Focusing on positive habits — like paying on time and reducing your debt — can help you gradually move your score into the “good” range. Routinely checking your credit report to dispute errors you find is also important.
For more quick tips, check out our guide to improving your credit score.
FAQs about fair credit scores
Having a fair credit score is better than having a poor score, and it usually means you can still get approved for some loans and credit cards. However, “fair” credit often comes with higher interest rates and fewer borrower perks than “good” or “excellent” credit. Improving your score can help you get better terms.
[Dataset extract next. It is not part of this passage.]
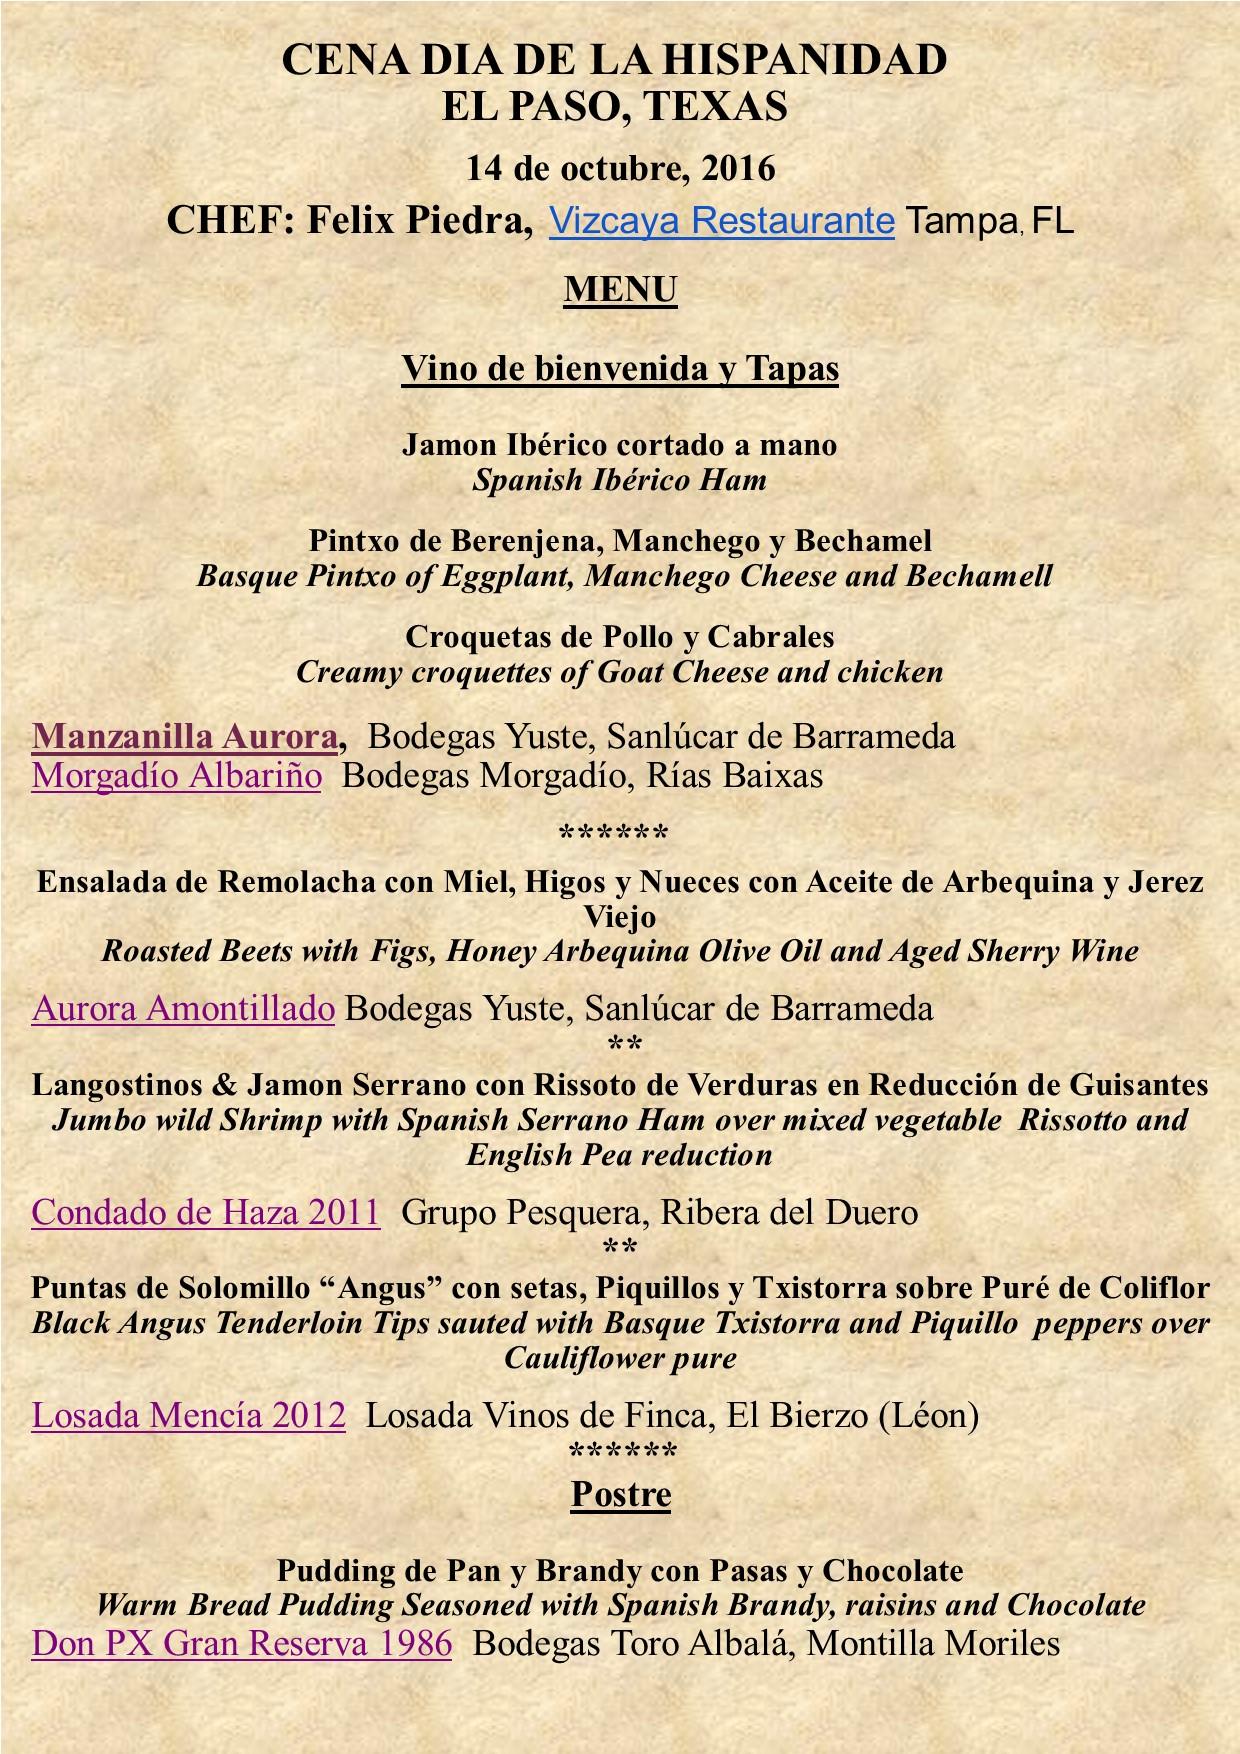 Cena del Día de la Hispanidad in El Paso, Texas./Spanish Heritage Day Dinner in El Paso,Texas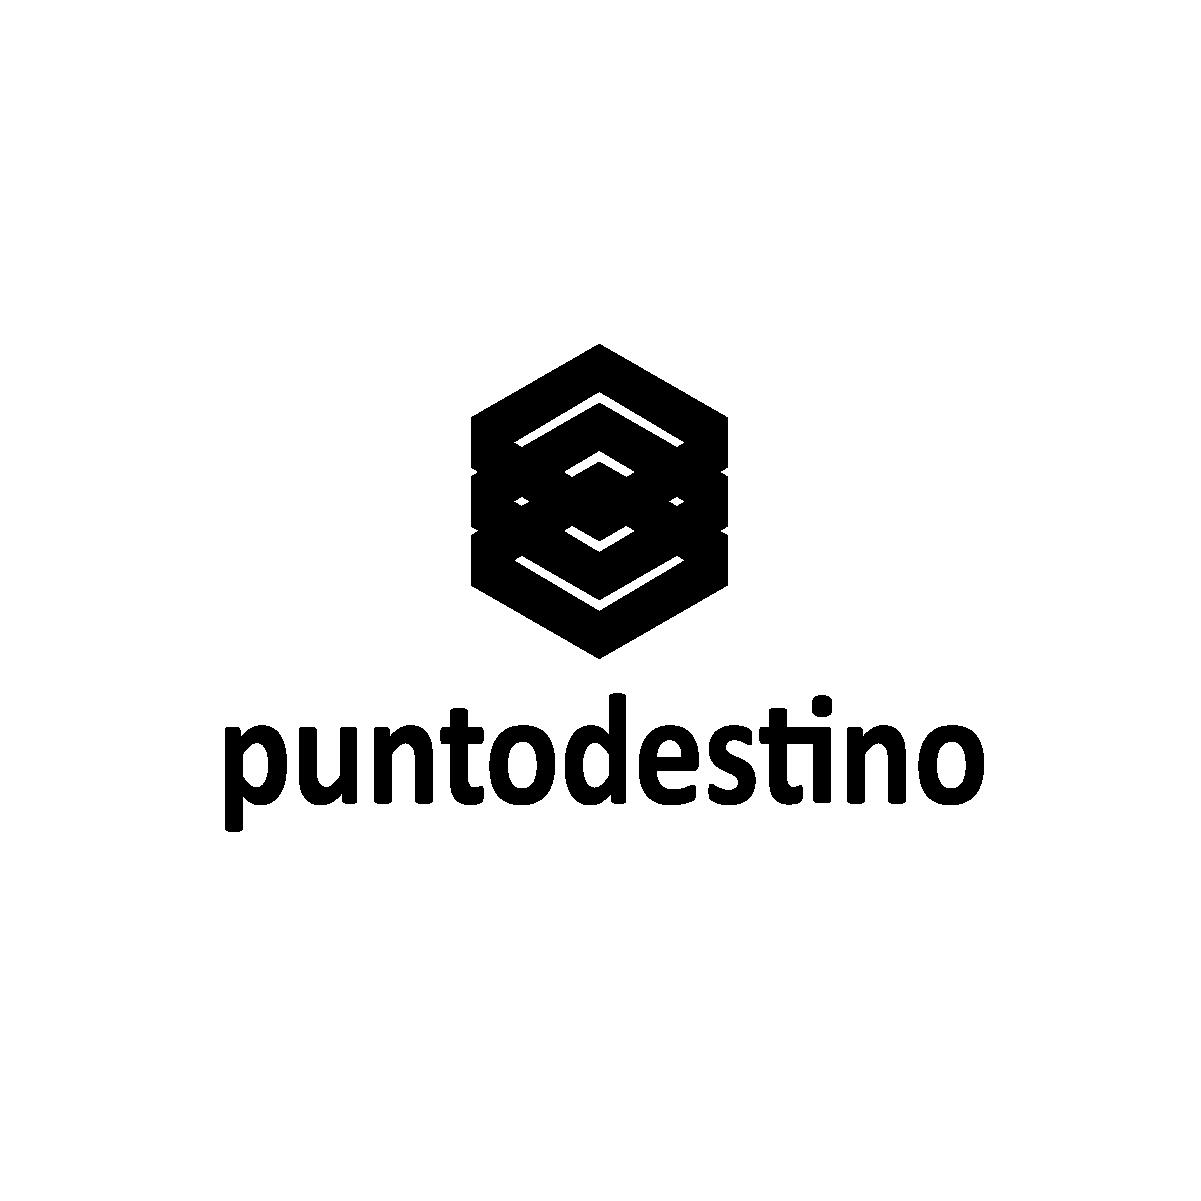 PuntoDestino1-01.png

Your credit scores are influenced by several factors found in your credit report. The most influential factors generally include your payment history (whether you pay on time), your credit utilization (how much debt you have vs. your limits), the length of your credit history, your mix of credit types and recent hard inquiries from new credit applications.
To improve a fair score, focus on paying your bills on time and paying down high credit card balances to lower your utilization rate. Avoid applying for multiple new credit accounts in a short period. Regularly check your credit reports for errors and dispute inaccuracies.